2007-12-15 04:04:31 · 4 answers · asked by Anonymous in Health Mental Health

4 answers

Here you go:

How Electric Shock "Works"
1. The patient is injected with an anesthetic to block out pain and a muscle relaxant to shut down muscular activity and prevent spinal fractures.

2. Electrodes are placed on the temples bilaterally (from one side of the brain to the other) or unilaterally (front to back on one side of the brain).

3. A rubber gag is placed in the mouth to keep teeth from breaking or patients from biting their tongues.

4. Between 180 and 480 volts of electricity are sent searing through the brain.

5. To meet the brains demand for oxygen, blood flow to the brain can increase as much as 400%. Blood pressure can increase 200%. Under normal conditions, the brain uses a blood-brain barrier to keep itself healthy against harmful toxins and foreign substances. With electroshock, harmful substances leak from blood vessels into the brain tissue, causing swelling. Nerve cells die. Cellular activity is altered. The physiology of the brain is altered.

6. The results are memory loss, confusion, loss of space and time orientation and even death.

7. Most patients are given a total of 6 to 12 shocks, one a day, three times a week.

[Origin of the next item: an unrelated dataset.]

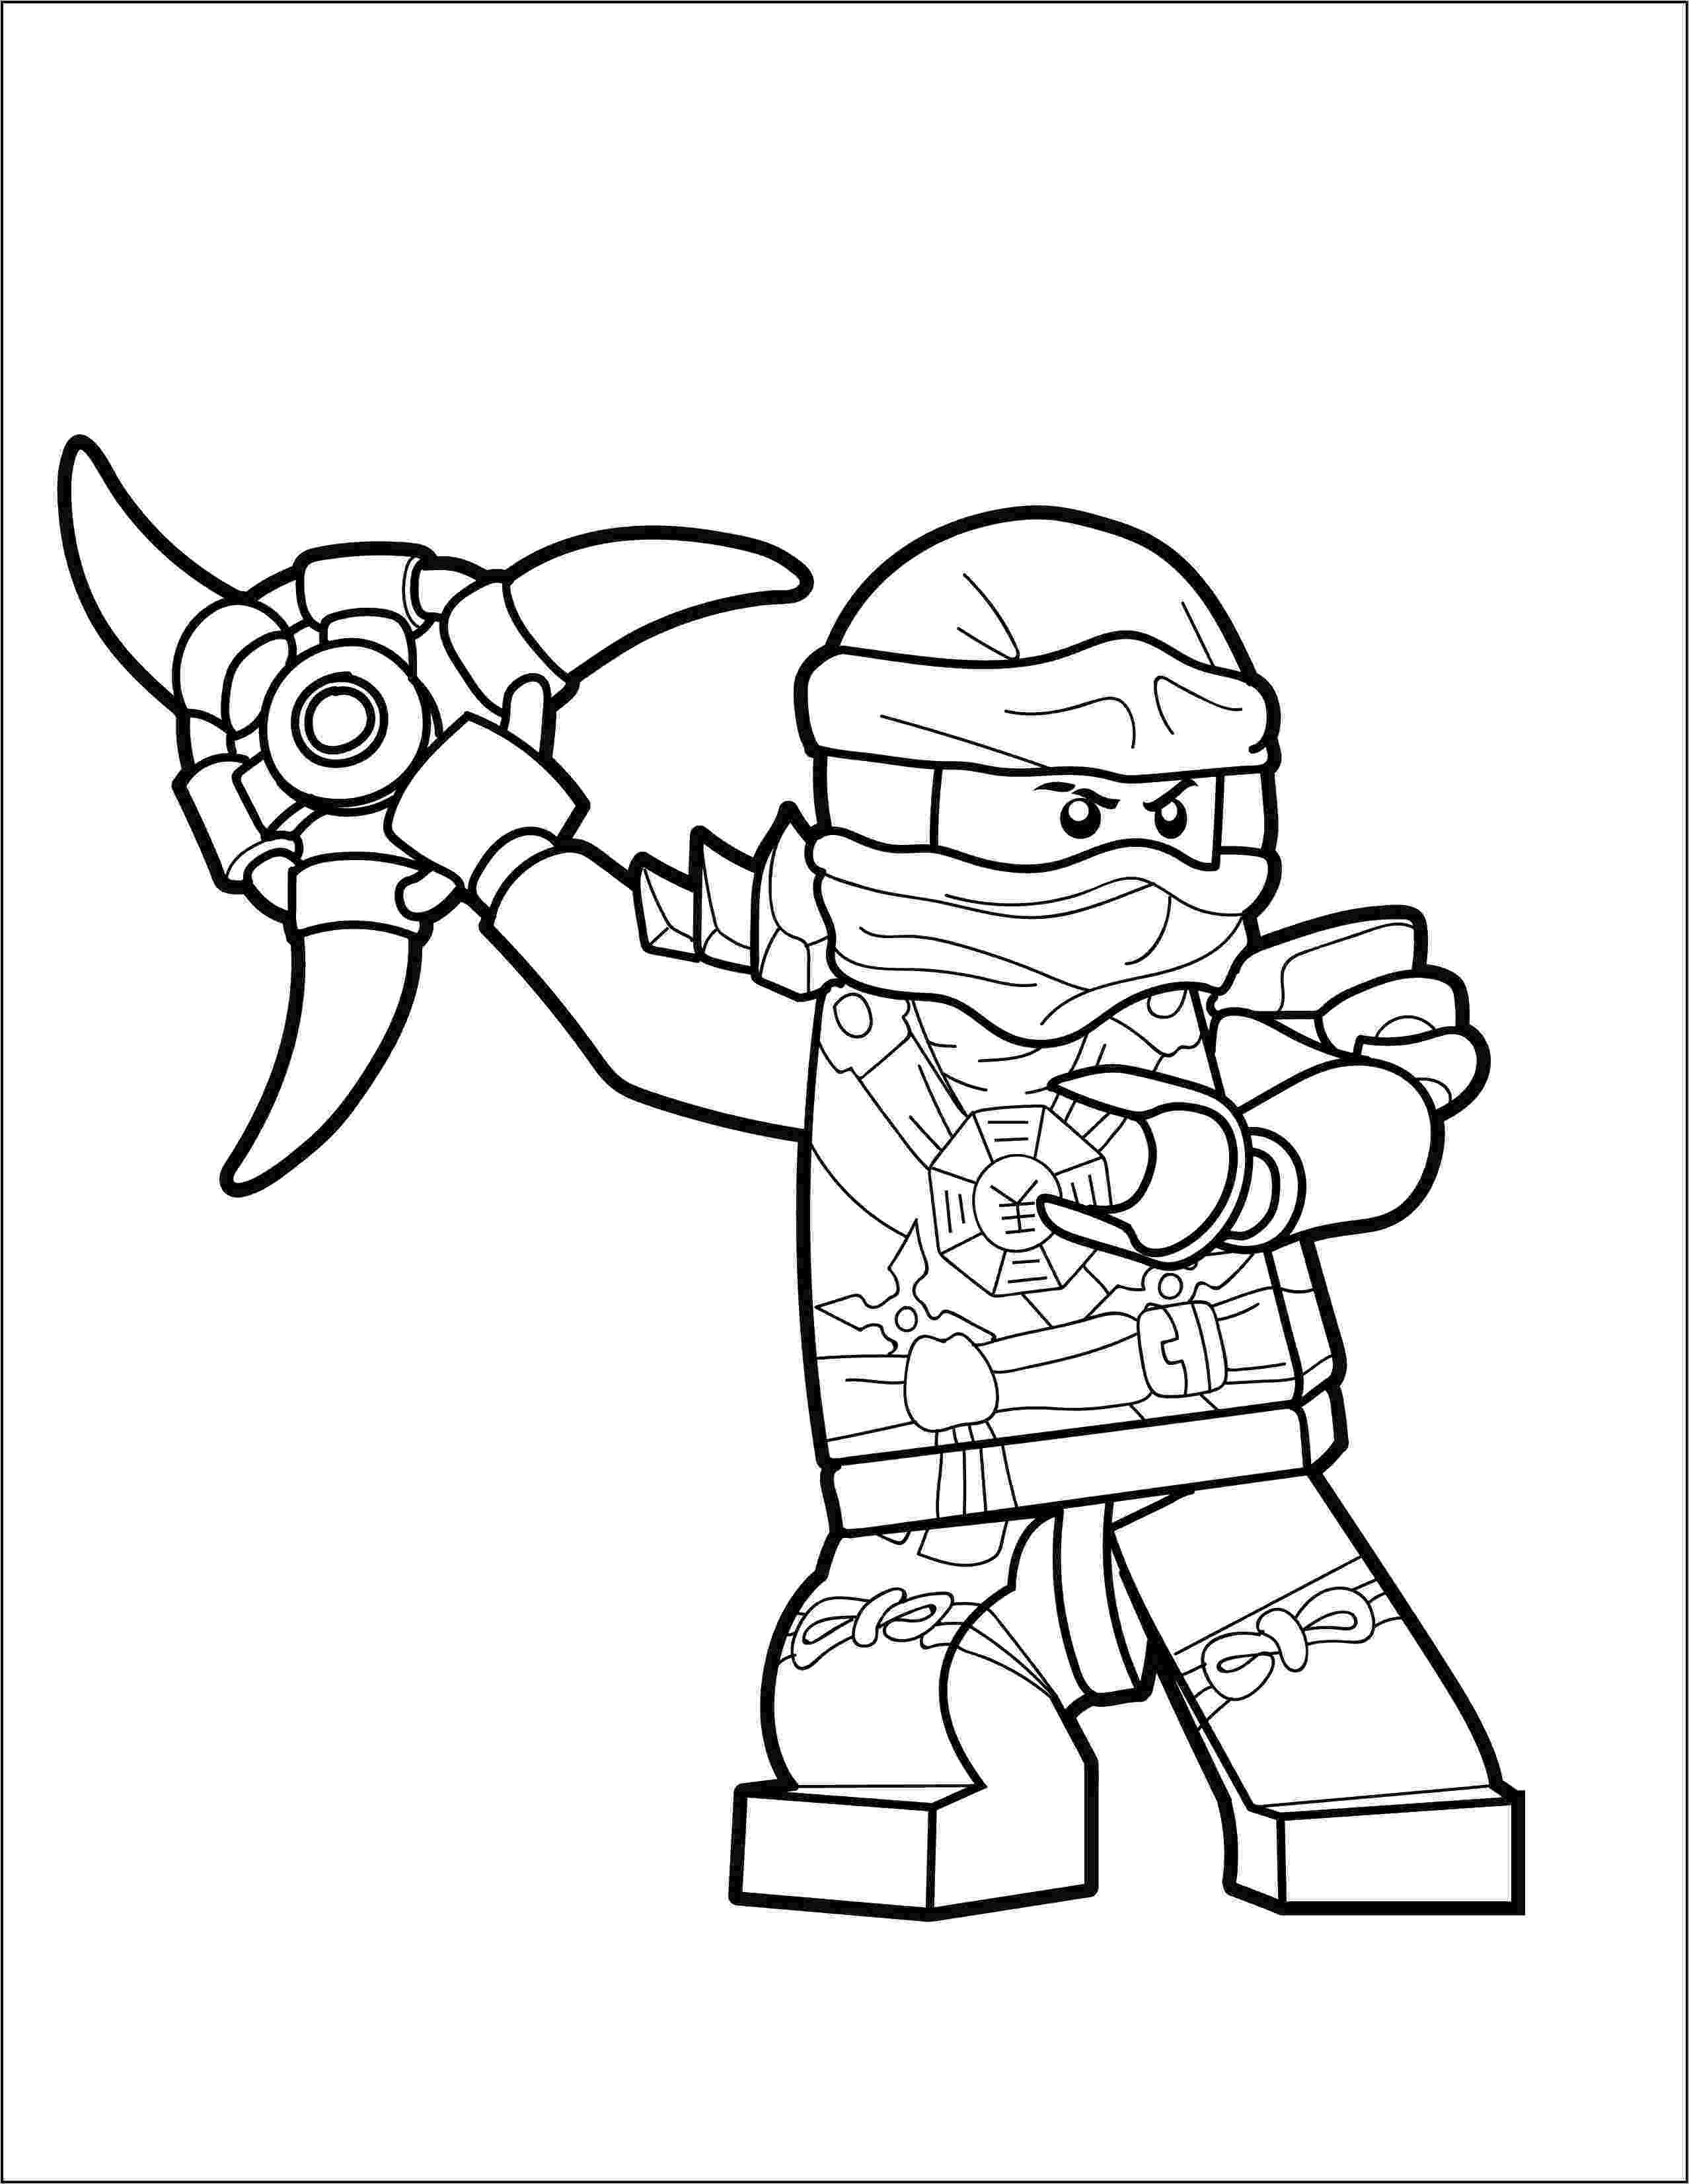 lego ninjago coloring sheets lego ninjago kai coloring pages team colors coloring lego sheets ninjago

Ask the foremost psychiatrists and they have no explanation to justify why or how their treatment works. It is literally as scientific as sticking ones head in a light socket. Do it often enough and you will become disoriented, confused, lose your memory or even die. Same result as ECT—but it will cost you a lot less.

For more information:

See the publication The Brutal Reality

Theta Works
stores.ebay.com/theta-works

2007-12-15 04:34:43 · answer #1 · answered by Theta Works 7 · 1 1

Are you writing from 40 years in the past? Look at theta's excellent description of this procedure, which way way back was used (together with insuline shock and God forbid cold water baths) to cure depression. And the strange thing was : in a great deal of patients it worked (but with all side effects as described). But now that we have chemical therapies ( some also with not so nice side effects) electro shock has gone the way of the dinosaurs.

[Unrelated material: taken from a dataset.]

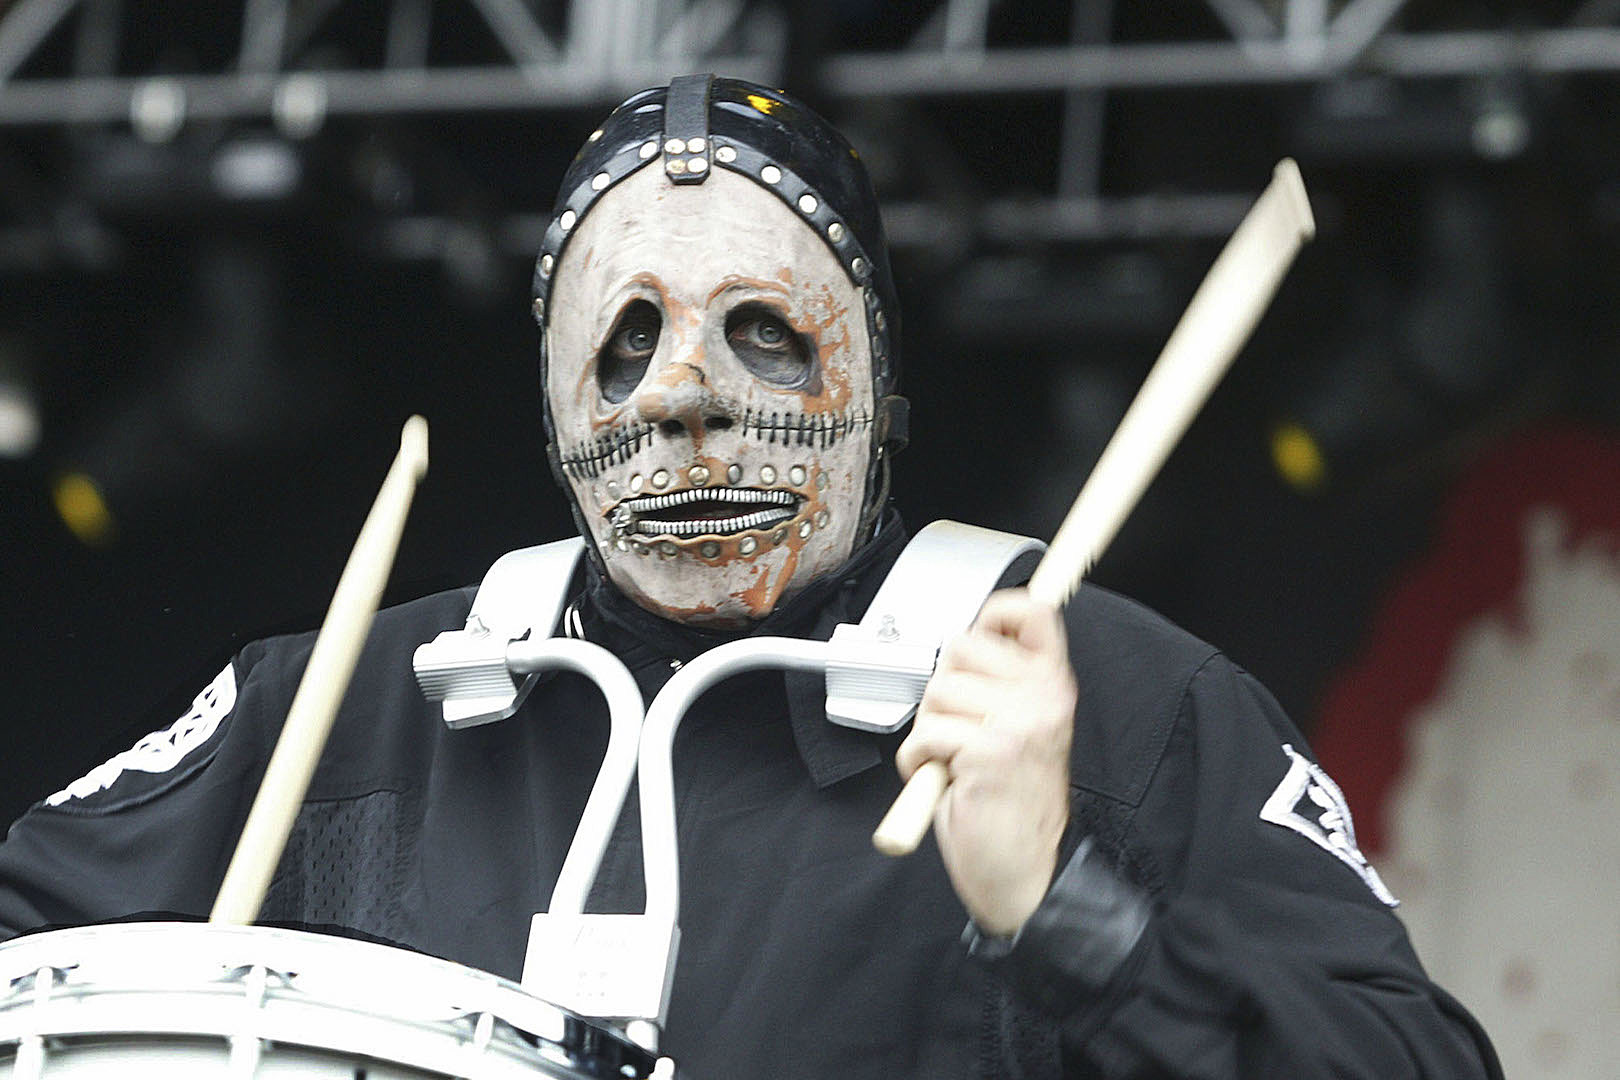 Chris Fehn Still Employed by Slipknot, Says Lawyer

2007-12-15 04:44:28 · answer #2 · answered by Dr. House 6 · 2 0

maybe. a short story. I was working in a dunking machine at a fair for a charity. this dude hit the bulls-eye and I went in. when I got my seat snapped back in place, the end of my nose touched the microphone. with my feet in the water, it was like a lightning bolt ran through me. all I could see was white. my brother shut the power off the amp and pulled me out. so if someone says atheists need shock therapy, I have to say no thanks. I have already had mine.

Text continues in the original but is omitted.